Peter Zijlstra <peterz@xxxxxxxxxxxxx> · Tue, 4 Jul 2023 11:46:27 +0200

On Mon, Jul 03, 2023 at 03:20:31PM -0400, Olivier Dion wrote:

>   int x = 0;
>   int y = 0;
>   int r0, r1;
> 
>   int dummy;
> 
>   void t0(void)
>   {
>           __atomic_store_n(&x, 1, __ATOMIC_RELAXED);
> 
>           __atomic_exchange_n(&dummy, 1, __ATOMIC_SEQ_CST);
>           __atomic_thread_fence(__ATOMIC_SEQ_CST);
> 
>           r0 = __atomic_load_n(&y, __ATOMIC_RELAXED);
>   }
> 
>   void t1(void)
>   {
>           __atomic_store_n(&y, 1, __ATOMIC_RELAXED);
>           __atomic_thread_fence(__ATOMIC_SEQ_CST);
>           r1 = __atomic_load_n(&x, __ATOMIC_RELAXED);
>   }
> 
>   // BUG_ON(r0 == 0 && r1 == 0)
> 
> On x86-64 (gcc 13.1 -O2) we get:
> 
>   t0():
>           movl    $1, x(%rip)
>           movl    $1, %eax
>           xchgl   dummy(%rip), %eax
>           lock orq $0, (%rsp)       ;; Redundant with previous exchange.
>           movl    y(%rip), %eax
>           movl    %eax, r0(%rip)
>           ret
>   t1():
>           movl    $1, y(%rip)
>           lock orq $0, (%rsp)
>           movl    x(%rip), %eax
>           movl    %eax, r1(%rip)
>           ret

So I would expect the compilers to do better here. It should know those
__atomic_thread_fence() thingies are superfluous and simply not emit
them. This could even be done as a peephole pass later, where it sees
consecutive atomic ops and the second being a no-op.
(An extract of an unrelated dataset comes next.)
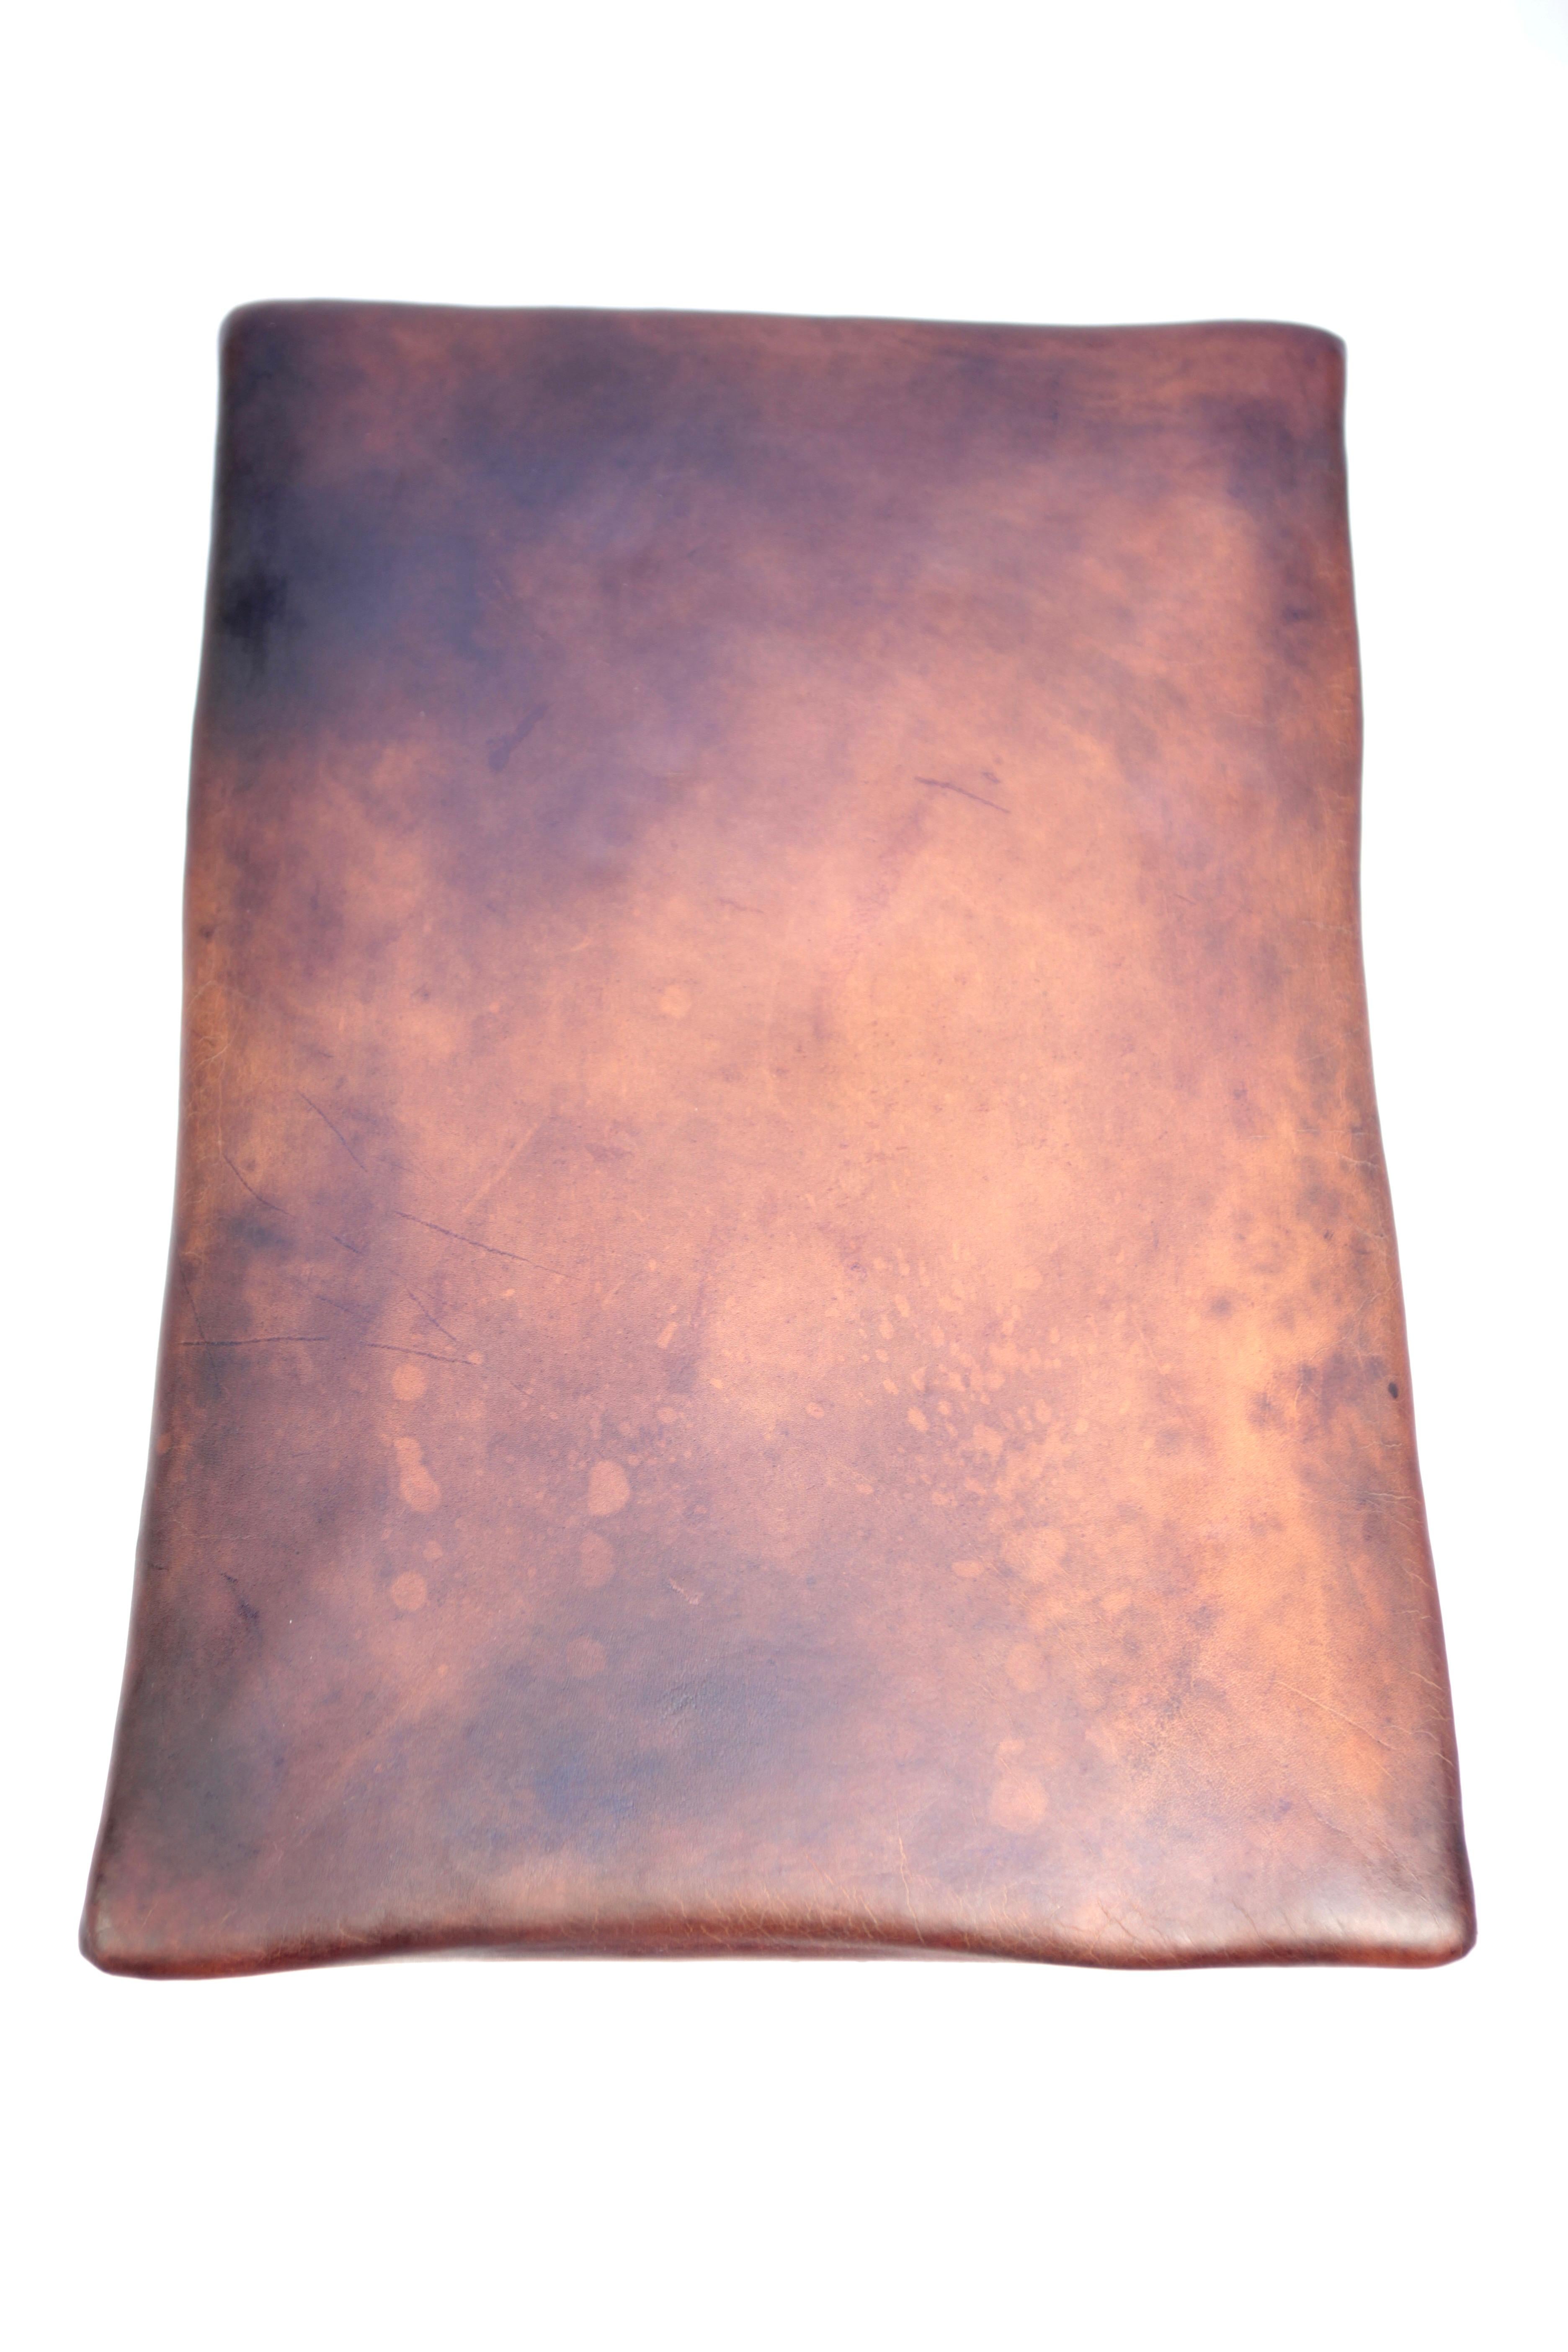 Kaare Klint, Rare Tabouret in Cuban Mahogany & Niger Leather, Model 3758 1

> On x86-64 (clang 16 -O2) we get:
> 
>   t0():
>           movl    $1, x(%rip)
>           movl    $1, %eax
>           xchgl   %eax, dummy(%rip)
>           mfence                    ;; Redundant with previous exchange.

And that's just terrible :/ Nobody should be using MFENCE for this. And
using MFENCE after a LOCK prefixes instruction (implicit in this case)
is just fail, because I don't think C++ atomics cover MMIO and other
such 'lovely' things.

>           movl    y(%rip), %eax
>           movl    %eax, r0(%rip)
>           retq
>   t1():
>           movl    $1, y(%rip)
>           mfence
>           movl    x(%rip), %eax
>           movl    %eax, r1(%rip)
>           retq